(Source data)
>>>

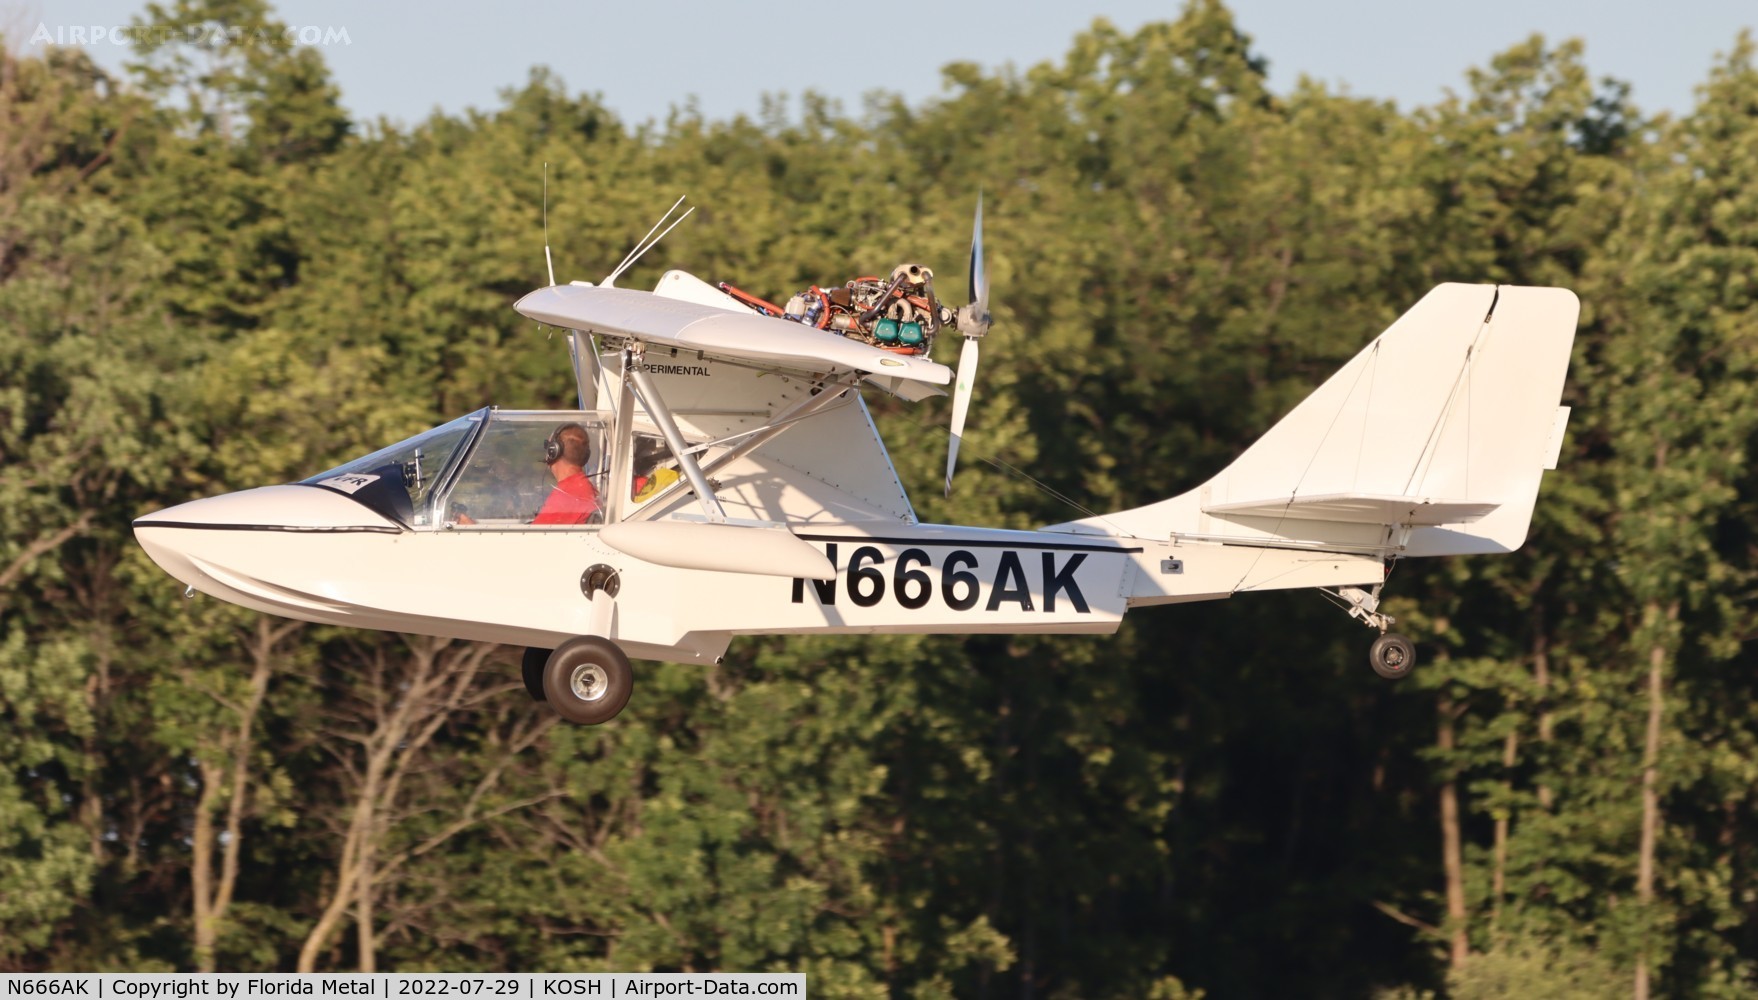 N666AK, 2011 Progressive Aerodyne SeaRey LSX C/N 1LK497C, SeaRey zx
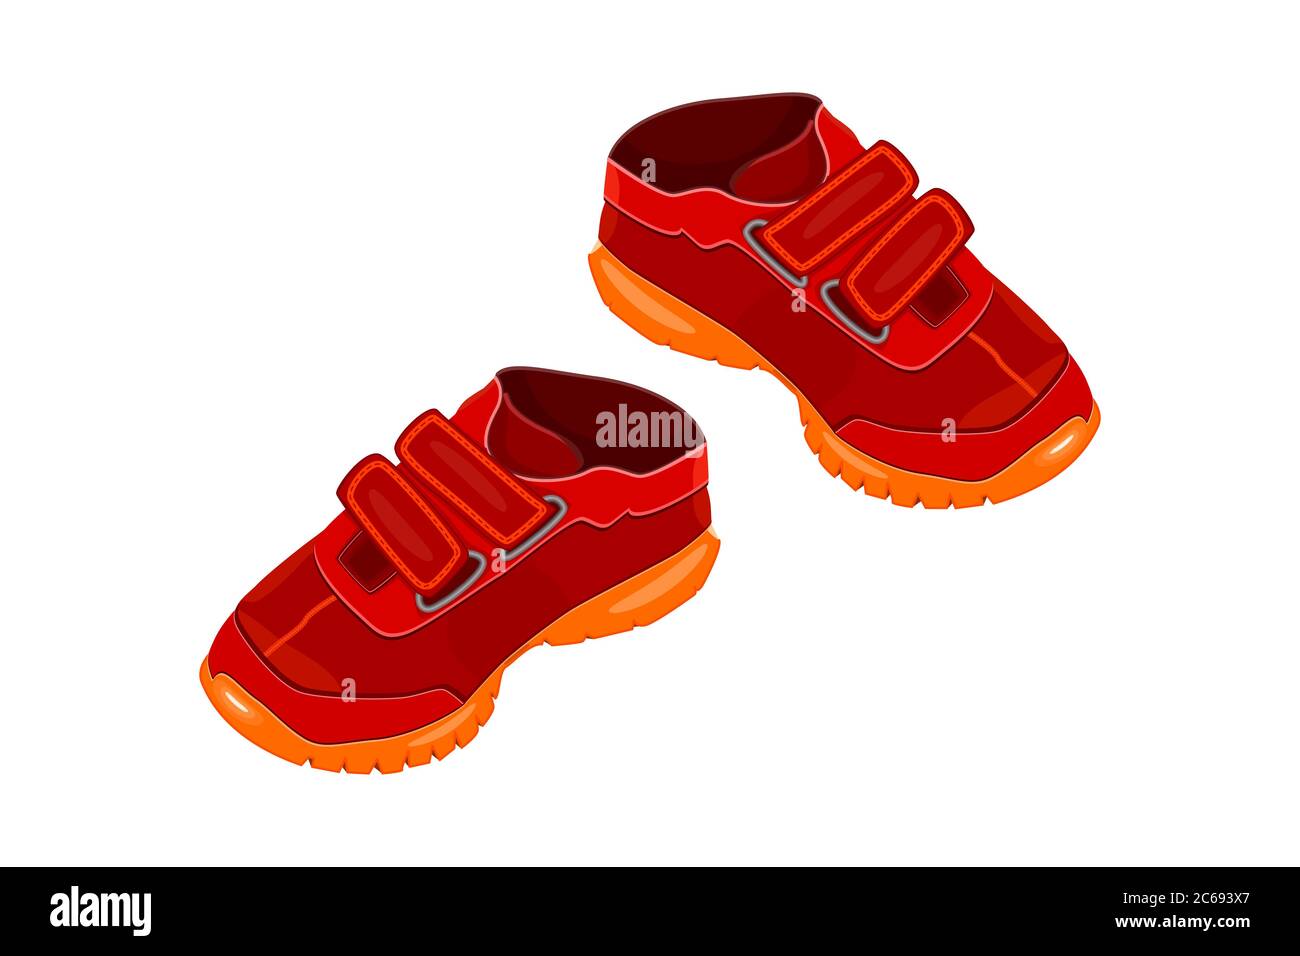 Paire de chaussures rouges isolées sur fond blanc. Deux sneakers adul rouges pour enfant ou jeune avec semelle velcro et orange. Chaussures de sport. Logo ou symbole de l'enfant Illustration de Vecteur
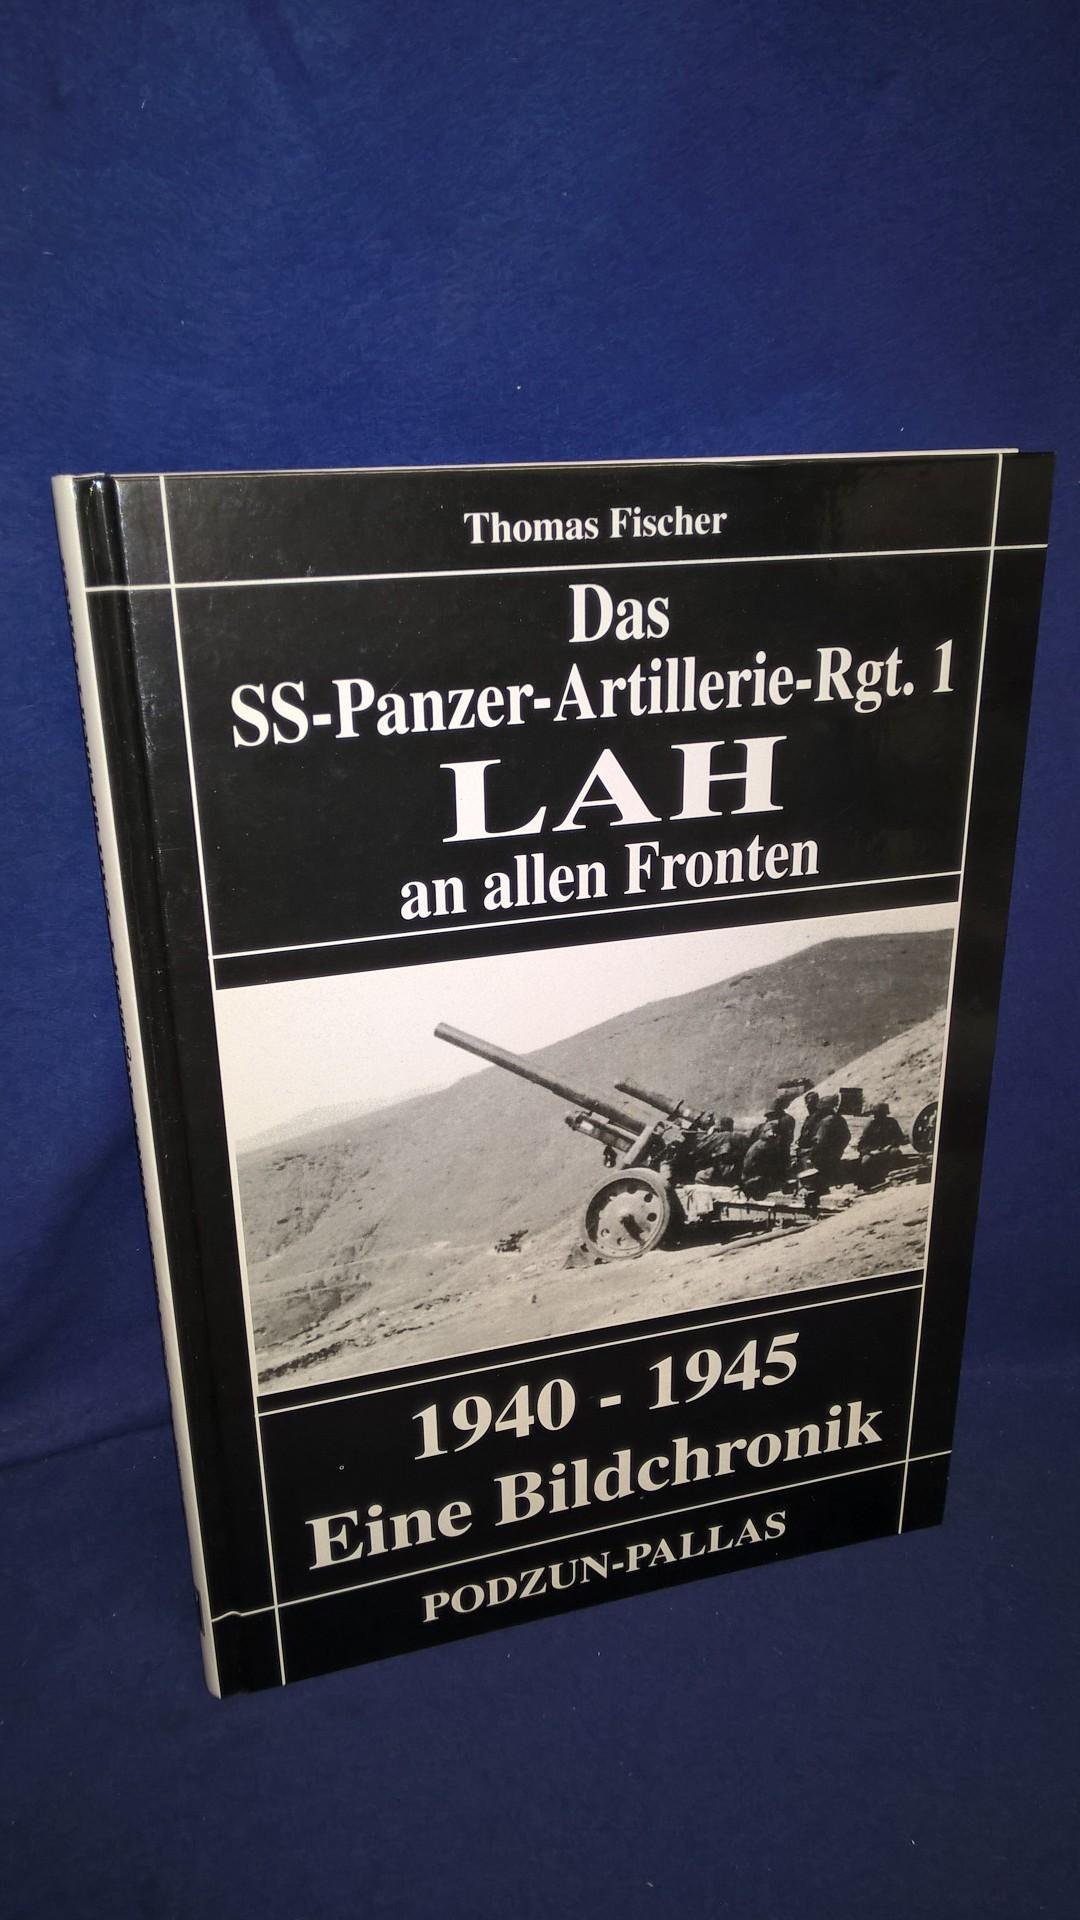 Das SS-Panzer-Artillerie-Regiment 1. LAH an allen Fronten. 1940 - 1945. Eine Bilderchronik.
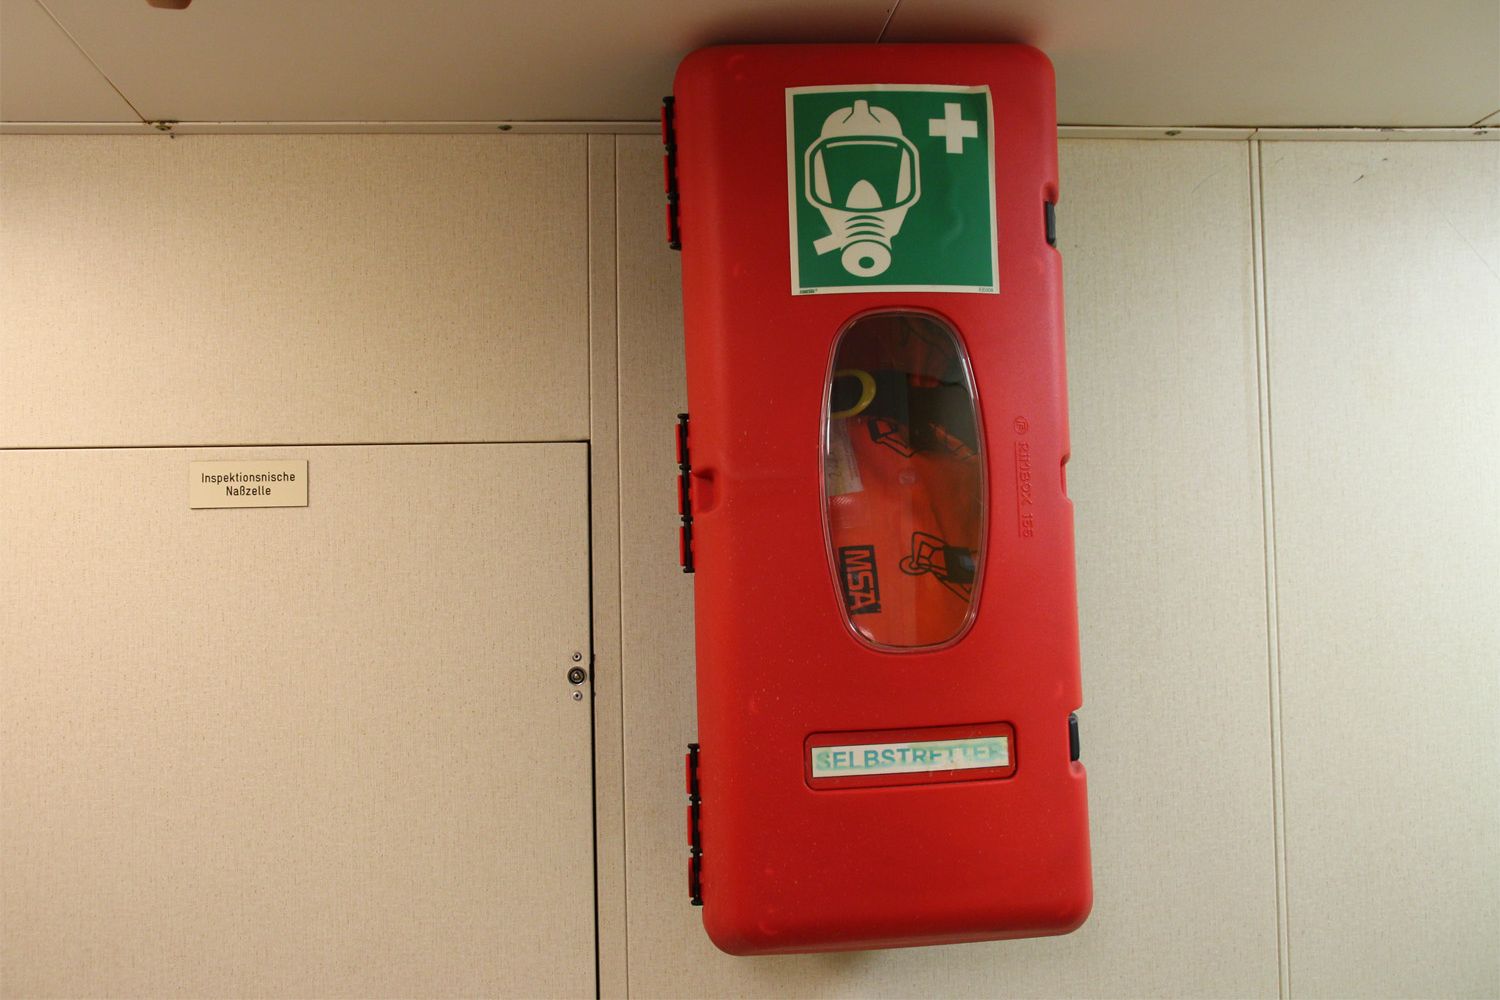 Ein roter Kasten an der Wand in dem ein Selbstretteratemgerät für den Notfall liegt.
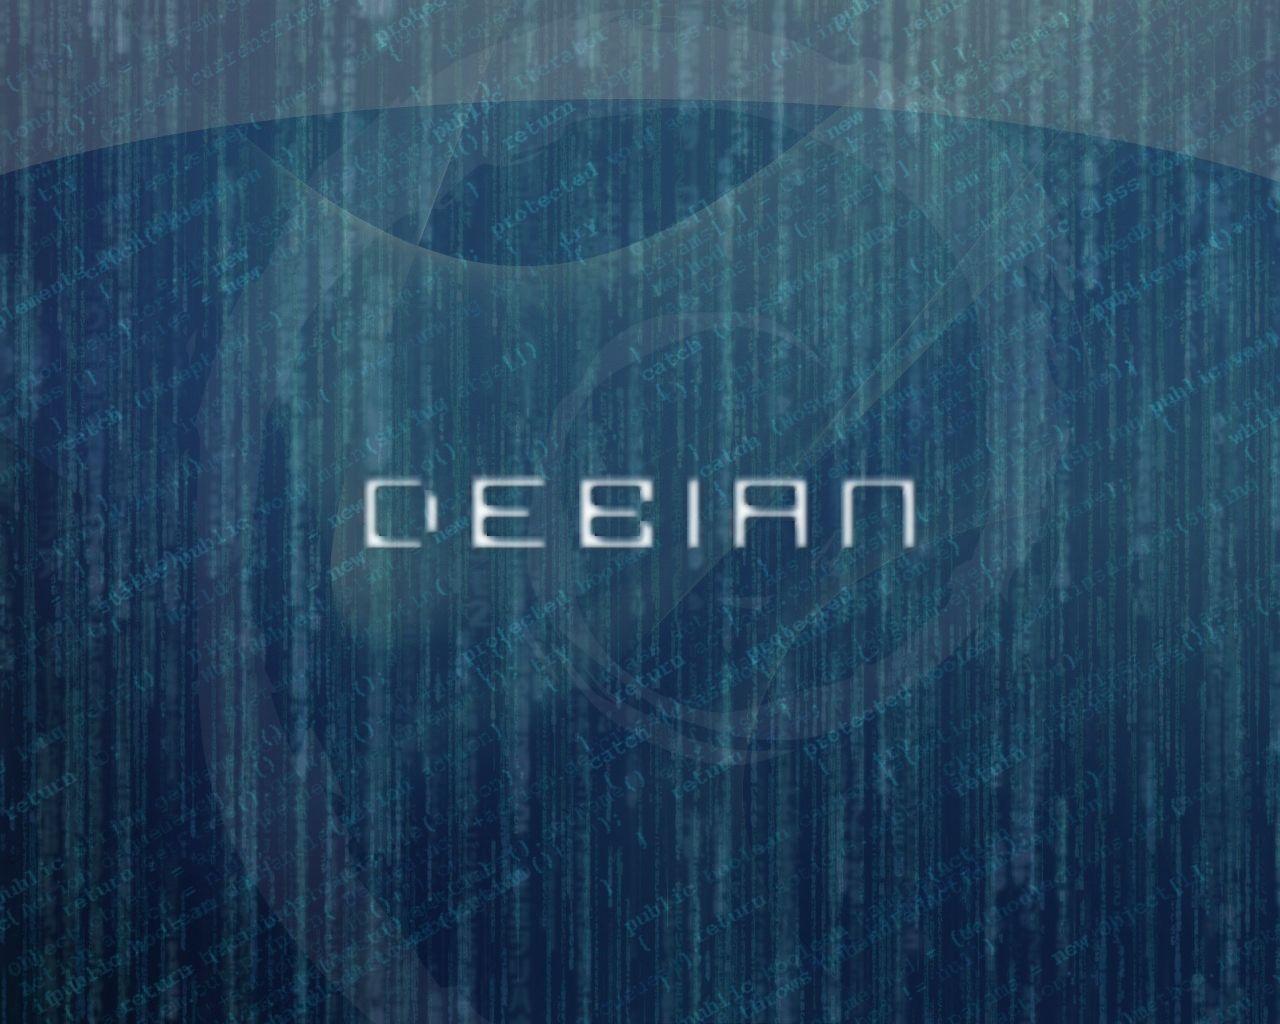 Debian Wallpaper, Linux Debian Fresh New HD Wallpaper Best

<<<

WORK INSTRUCTION: Return only the lines running from the top of the data to the line that holds "Ein roter Kasten". Include both of those lines, but skip the pictures.

SOLUTION:
 N666AK, 2011 Progressive Aerodyne SeaRey LSX C/N 1LK497C, SeaRey zx
 Paire de chaussures rouges isolées sur fond blanc. Deux sneakers adul rouges pour enfant ou jeune avec semelle velcro et orange. Chaussures de sport. Logo ou symbole de l'enfant Illustration de Vecteur
 Das SS-Panzer-Artillerie-Regiment 1. LAH an allen Fronten. 1940 - 1945. Eine Bilderchronik.
 Ein roter Kasten an der Wand in dem ein Selbstretteratemgerät für den Notfall liegt.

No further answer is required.